Unlike hepatitis C, HIV remains a chronic infection that requires a lifetime of treatment. This is why a new antiviral candidate that looks highly effective and easy to tolerate could drive growth for the company in the years ahead.

The Food and Drug Administration is expected to deliver an approval decision on or before Feb. 12 for Gilead's combination of bictegravir, emtricitabine, and tenofovir alafenamide for chronic treatment of HIV patients. If the combo is approved, as is widely expected, EvaluatePharma thinks sales of the drug could reach $4.4 billion in 2022.

While Gilead's new HIV combo winds its way toward pharmacy shelves, a next-generation cell-based cancer therapy is already bringing fresh hope to some cancer patients who had run into brick walls treatment-wise.

Non-Hodgkin lymphoma patients who relapse or just don't respond to existing treatments are so difficult to treat that oncologists used to get excited when new drug candidates made tiny dents in disease activity. With this in mind, imagine how thrilled they'll be to learn that 15 months after receiving a single infusion of Gilead's Yescarta, 40% of these advanced-stage lymphoma patients were still in complete remission. Although the initial launch has been slow, stellar data is expected to raise annual Yescarta sales to a peak of around $2.6 billion.

While new HIV and oncology drugs should offset HCV losses in the quarters ahead, Gilead Sciences will also advance one of the most promising programs aimed at nonalcoholic steatohepatitis. NASH is a life-threatening liver condition associated with excess fat storage, and one of Gilead's candidates just showed it significantly reduces patients' liver fat content in what may have been one of the most underappreciated readouts of the year.

Gilead has long assumed that a highly effective NASH therapy will have to do more than simply lower liver fat content, which is why it's exploring a combined approach that will test its shareholders' patience. With spending on medicines to treat NASH expected to reach $40 billion by 2025, though, it's well worth the wait.

In the numbers

With Yescarta already approved, and another potential blockbuster HIV therapy largely expected to get a green light, Gilead Sciences CEO John Milligan thinks the company's bottom line could stabilize and perhaps begin rising in 2018. If that's the case, this stock at recent prices has "deep value" written all over it.

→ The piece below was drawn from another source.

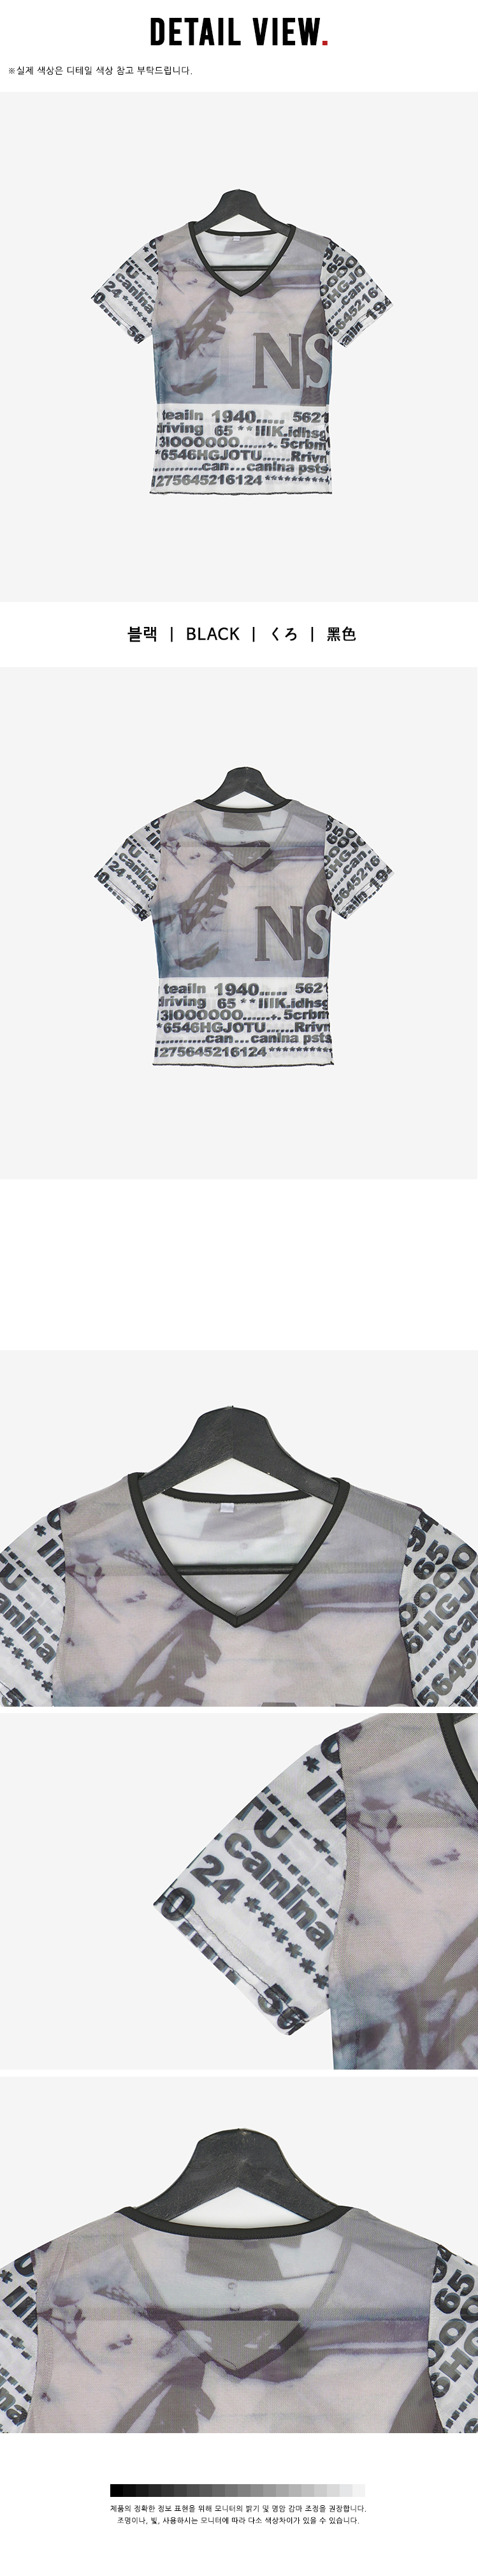 Appron Printing See-through Short Sleeve Tee

Free cash flow is calculated as all the cash generated by a company's operations, minus capital invested to keep those operations humming along. You can also think of free cash flow as profits that a company can return to shareholders in the form of dividends and share buybacks, or use to make acquisitions.

Over the past year, Gilead's operations generated a whopping $11.8 billion in free cash flow, or about $8.91 per share. That's not too bad for a stock that's been trading at about $74 lately. If profits begin rising again in 2018, as Milligan suggested, returns could get even better.